Along similar motivation of the Dee Feat series, herewith the second (for the sake of settling on a number) in our Good Mother series. This report in today's news reminded me of this other device, reported on by "60 Minutes" among others.

So, as Your Good Mother constantly reminds you: "what would the world be like if everybody behaved like you?" (She isn't necessarily literate enough with to know which preposition to use!) Once again, particularly from the Hawaii story, it's quite possible to bring overall degradation to an economy (and its society) by going all in on Rand.

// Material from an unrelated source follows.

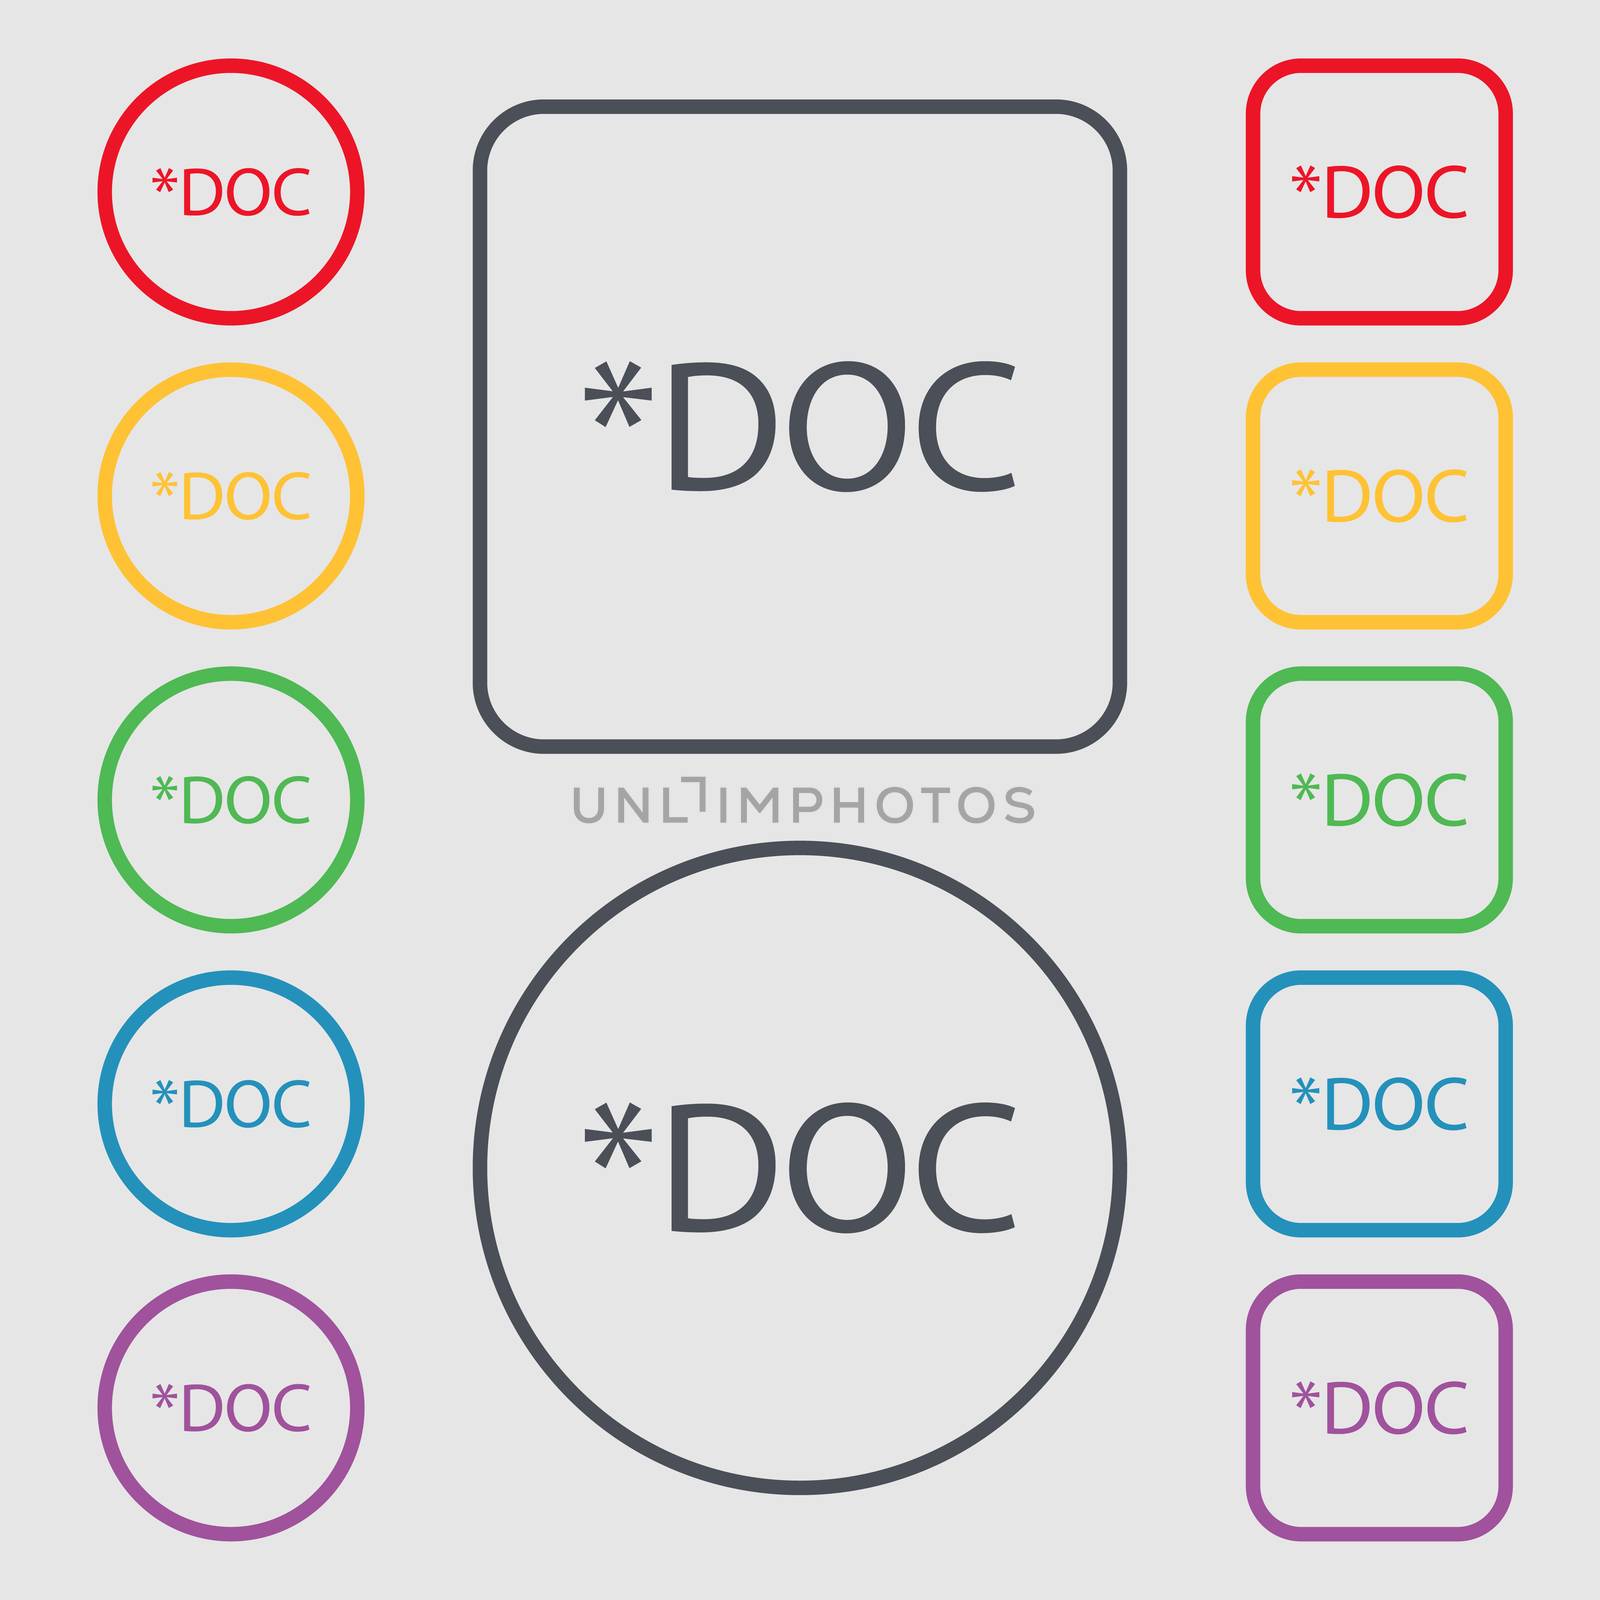 File document icon. Download doc button. Doc file extension symbol. Symbols on the Round and square buttons with frame. illustration

At what point is the individual, especially acting in consort with some number of others, obliged to temper actions based on externalities? For those who worship at the feet of Adam Smith (the real one), the question is a bit more piquant, since his most famous text assumes that there are no externalities! Quants, working as they almost always do, for individual actors (in the context of some market, not humans) are described by micro-economic arguments. Again, externalities are assumed away. Not a good, or honest, thing to do. One might strongly argue that The Great Recession came about just because the quants (at the behest of The Suits) took explicit advantage of the fact that their companies would be protected from meeting the demands of the externalities of what they did. The micro point of view, of course, denies culpability for externalities: "those on the other side of the transaction are obligated to caveat emptor". Again, if everybody does "it", there's no way to mitigate the externalities except by taxing the community at large. And the bad actors get to keep their gains.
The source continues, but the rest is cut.